--- Provided entries Enclosed Below ---

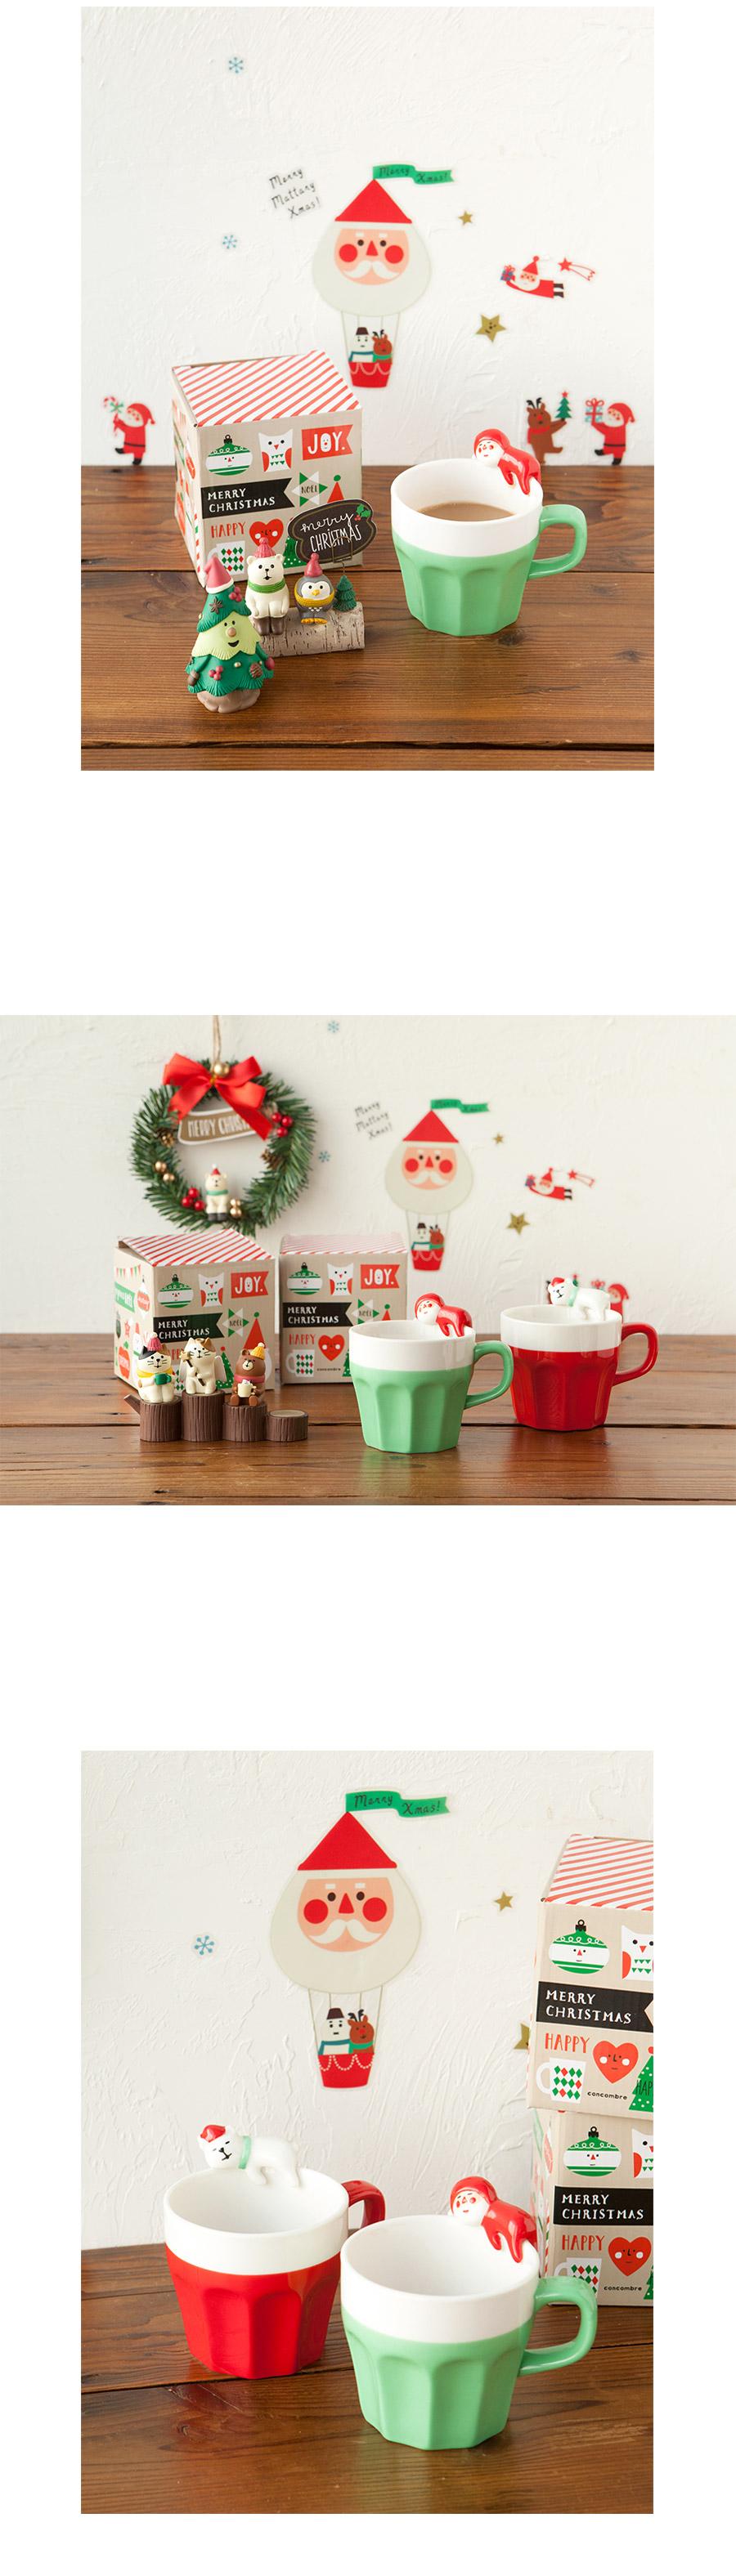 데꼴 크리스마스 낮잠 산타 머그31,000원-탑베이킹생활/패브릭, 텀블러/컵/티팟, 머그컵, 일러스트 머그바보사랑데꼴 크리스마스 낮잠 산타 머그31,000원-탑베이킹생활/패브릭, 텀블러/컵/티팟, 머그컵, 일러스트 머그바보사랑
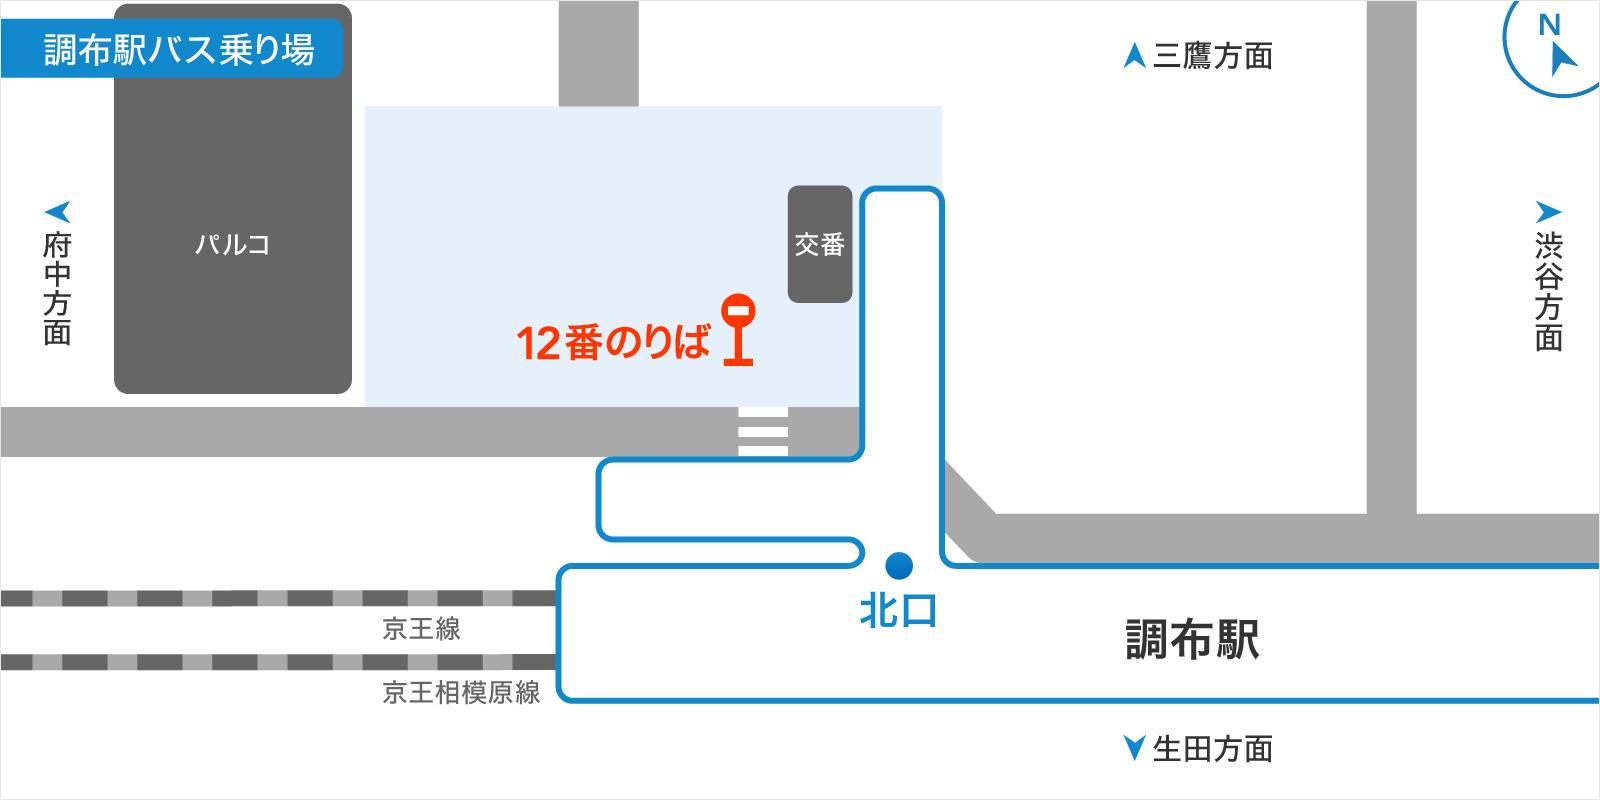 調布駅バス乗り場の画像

--- End of Enclosed Provided entries ---
--- Provided entries Enclosed Below ---

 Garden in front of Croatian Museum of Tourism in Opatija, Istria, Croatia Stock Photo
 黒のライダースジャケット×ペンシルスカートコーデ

--- End of Enclosed Provided entries ---

▶ **Exercise directions**
Using the data above, print exactly the lines from the line that contains "Garden in front" through the line that contains "黒のライダースジャケット×ペンシルスカートコーデ", with both included.

▶ **Result of this exercise**
 Garden in front of Croatian Museum of Tourism in Opatija, Istria, Croatia Stock Photo
 黒のライダースジャケット×ペンシルスカートコーデ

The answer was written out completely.